══ INPUT DATA
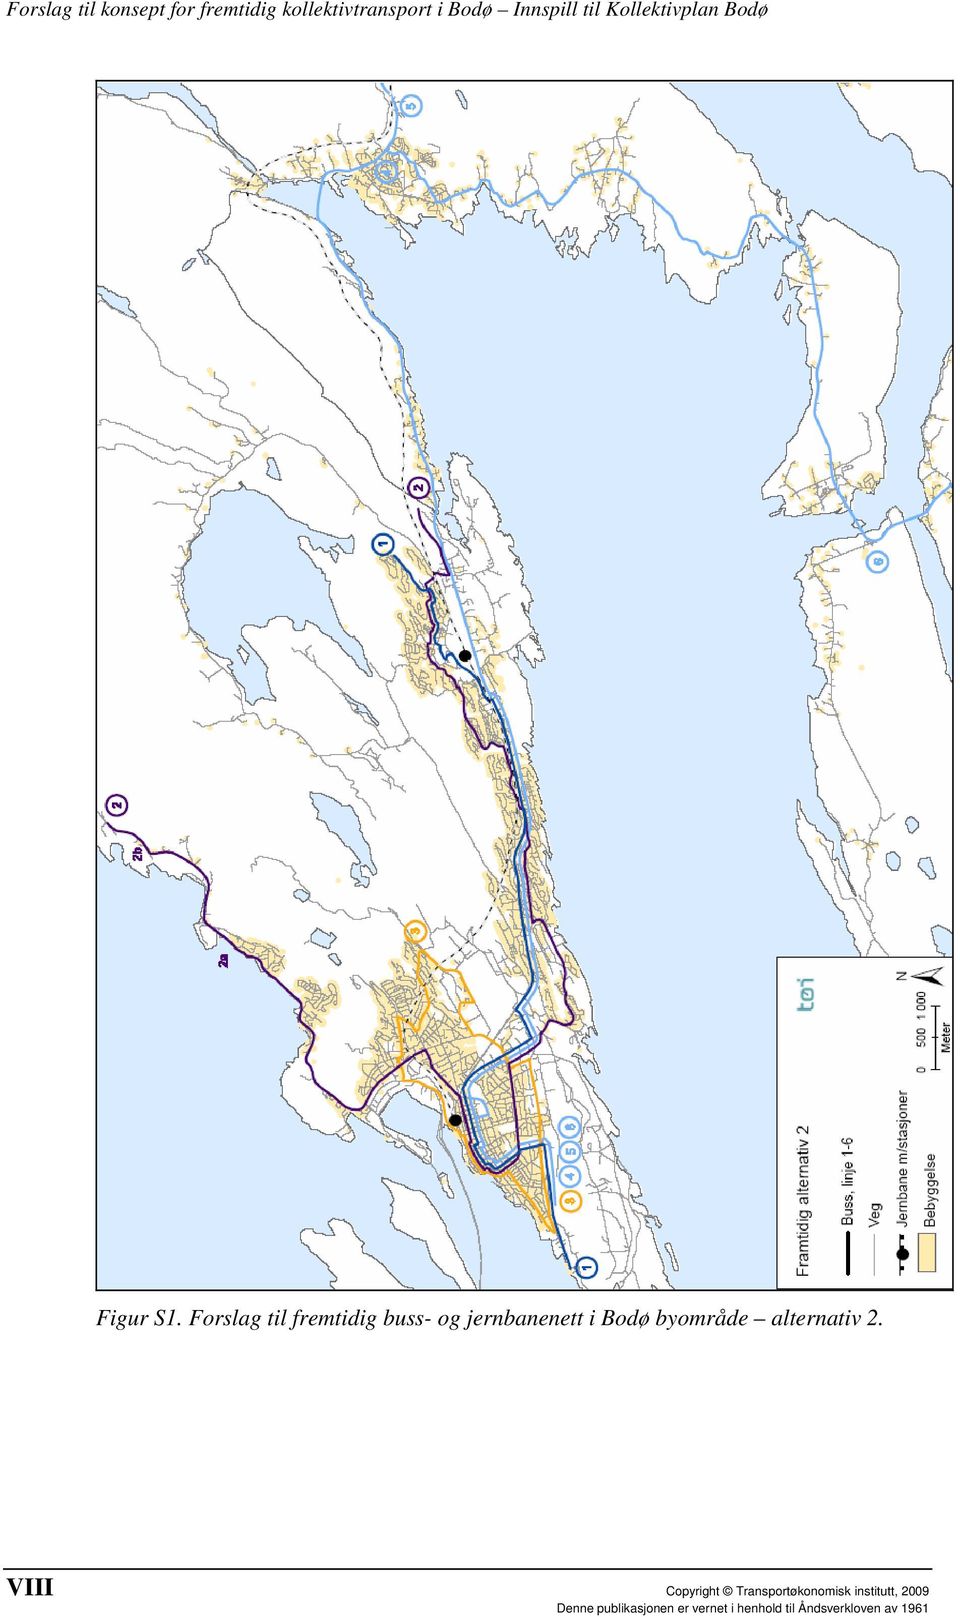 Forslag til fremtidig buss- og jernbanenett i Bodø
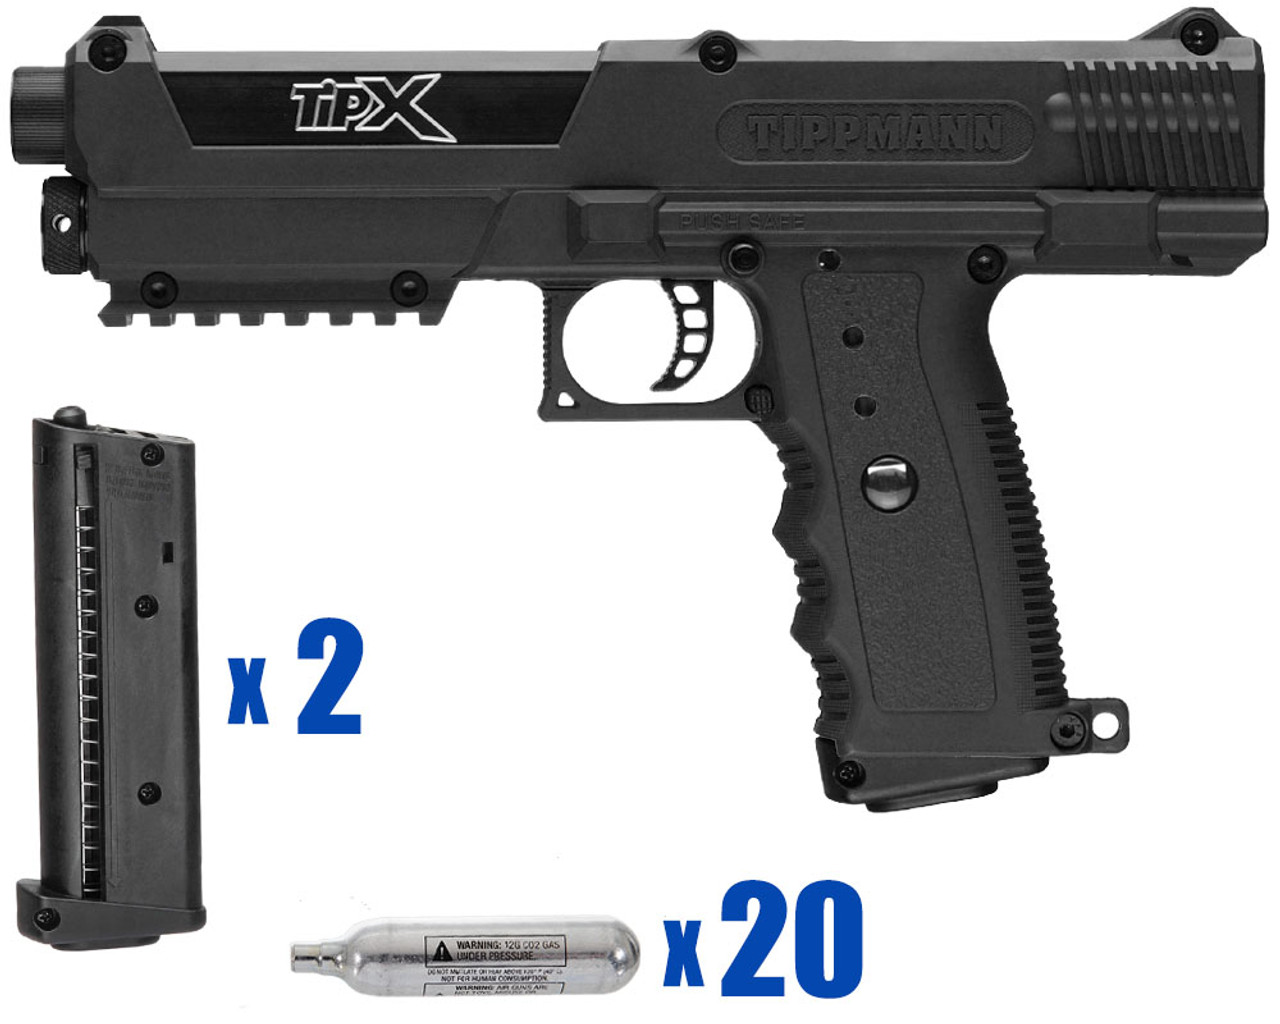 Tippmann TiPX Deluxe Paintball Gun Pistol Kit Black
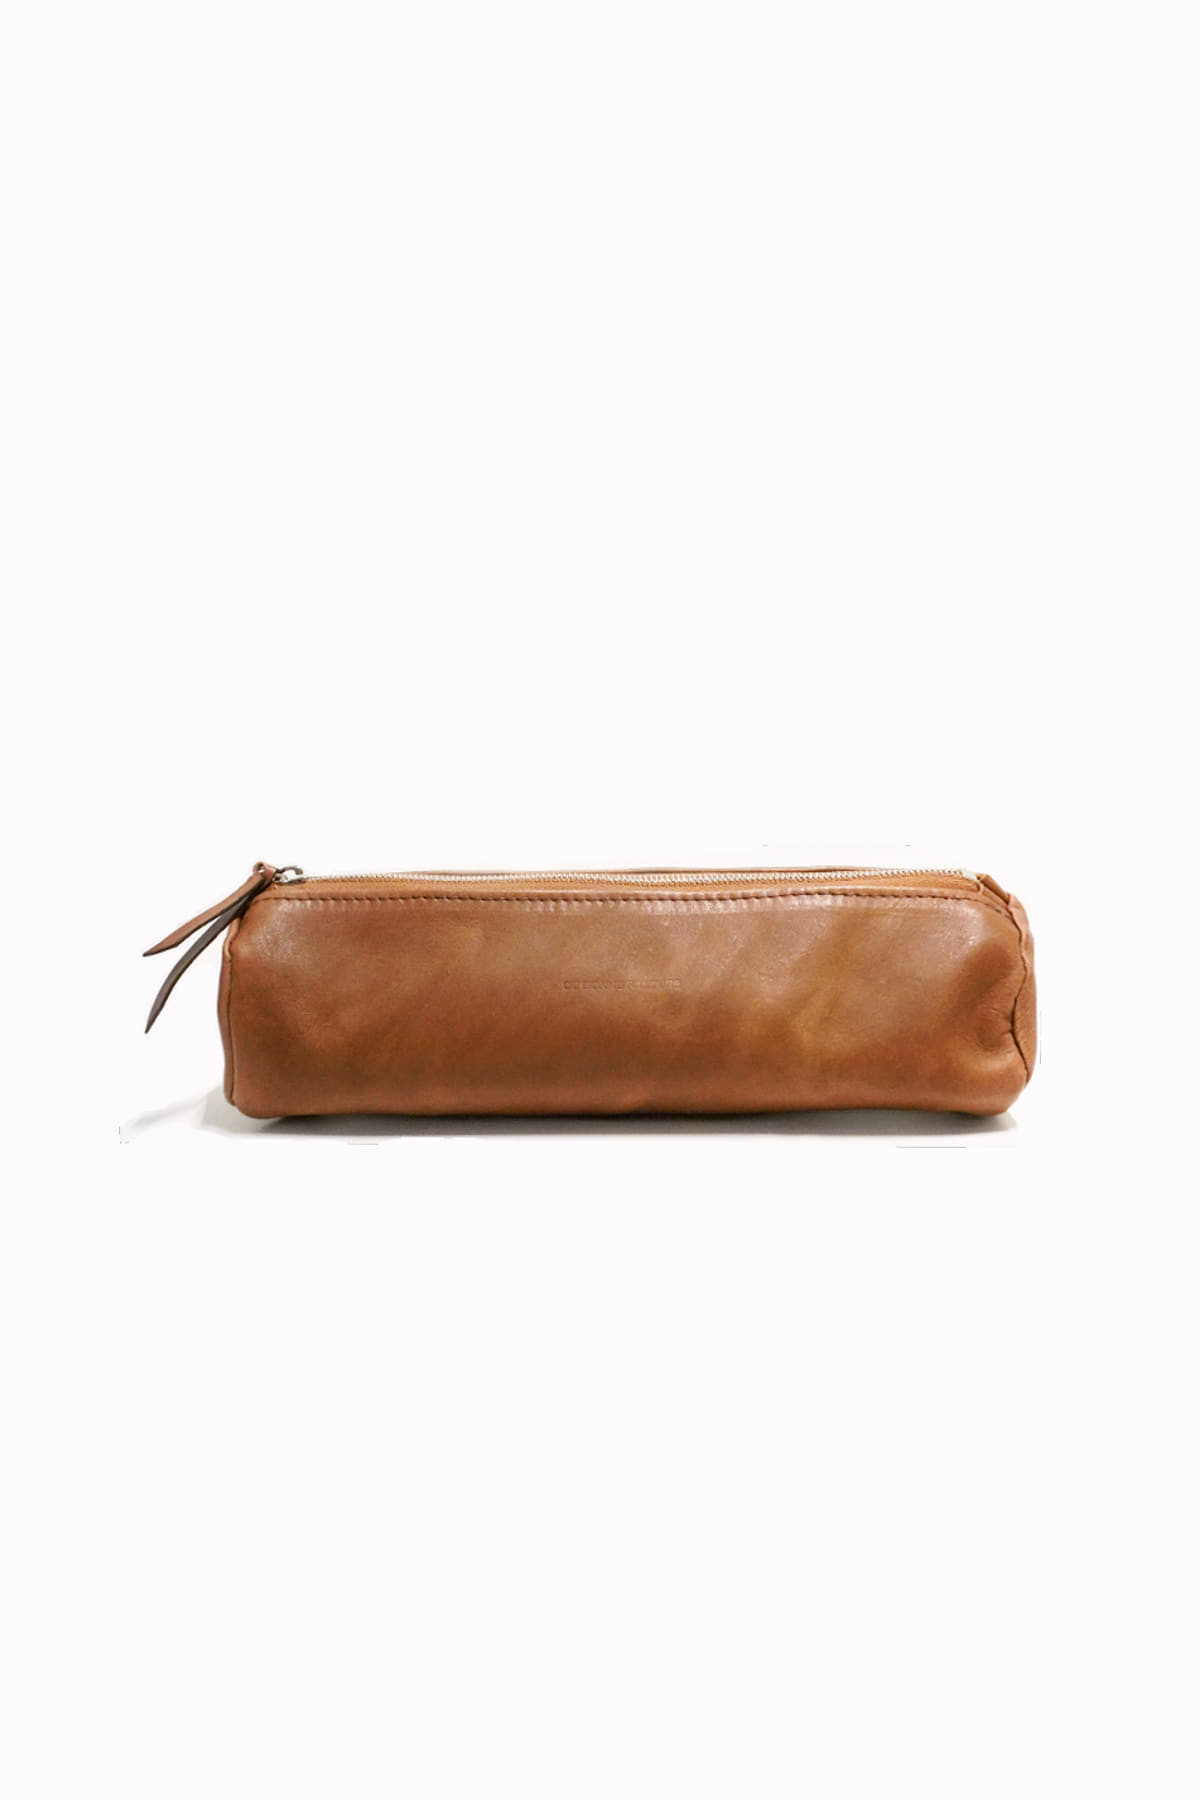 [DE BONNE FACTURE] Leather Pencil Case – Tobacco
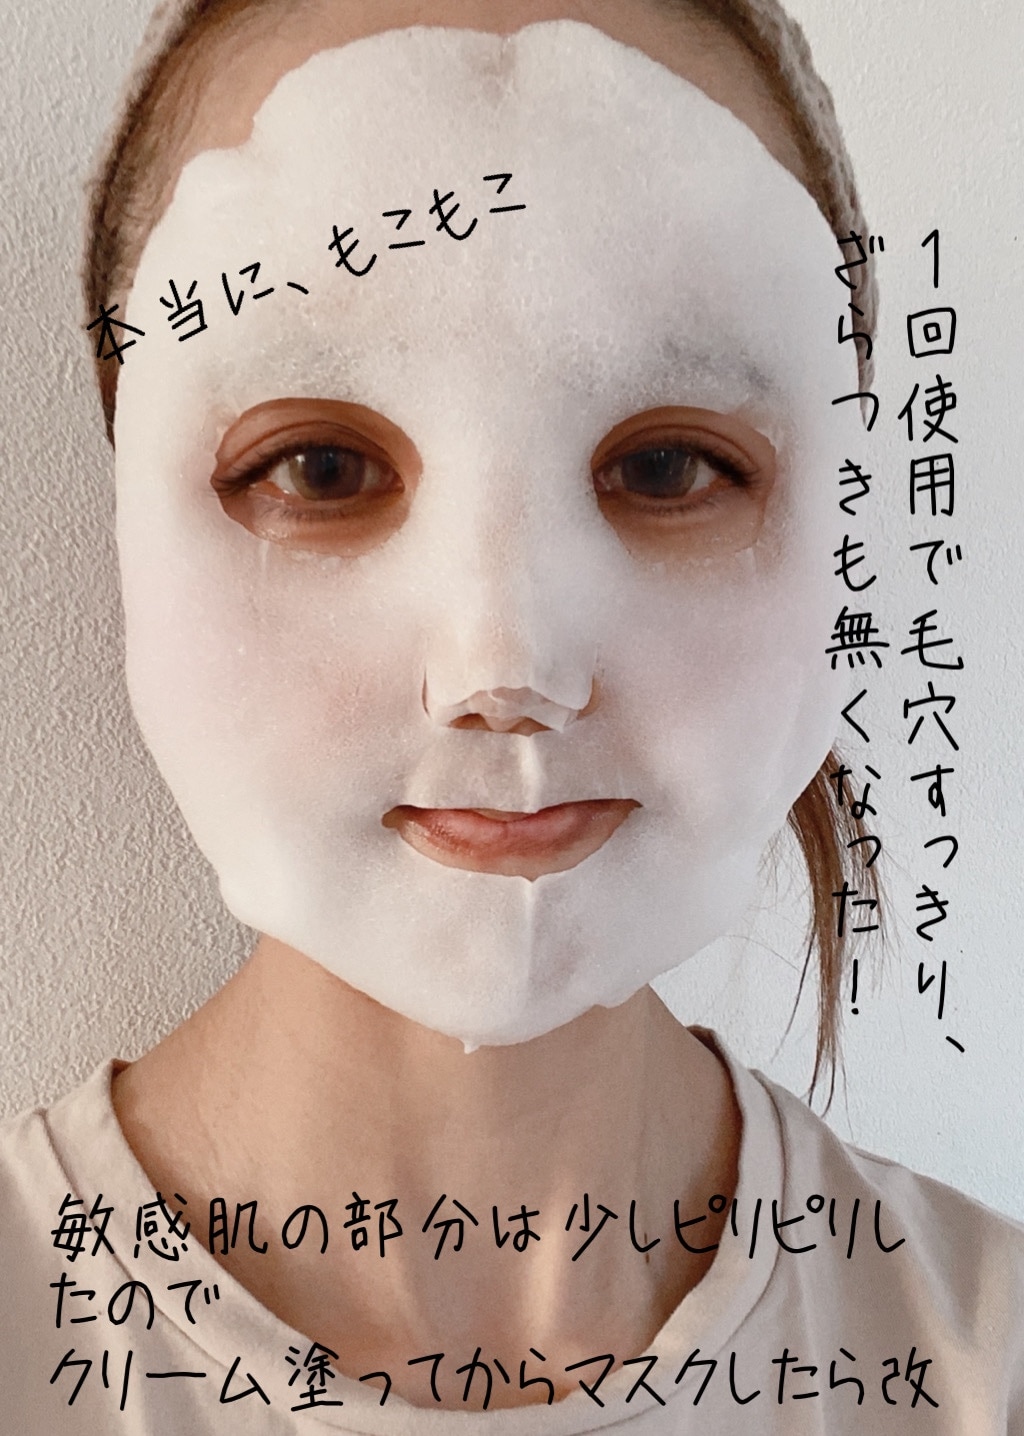 UNISEX S/M LITS ♡もこもこ白泡マスク♡11枚セット♡ - 通販
════
-- HOW TO COMPLETE THIS TASK --
Leave out the pictures and set down all of the data exactly.

-- ANSWER FOR THIS EXERCISE --
 Forslag til fremtidig buss- og jernbanenett i Bodø
 Tippmann TiPX Deluxe Paintball Gun Pistol Kit Black
 [DE BONNE FACTURE] Leather Pencil Case – Tobacco
 UNISEX S/M LITS ♡もこもこ白泡マスク♡11枚セット♡ - 通販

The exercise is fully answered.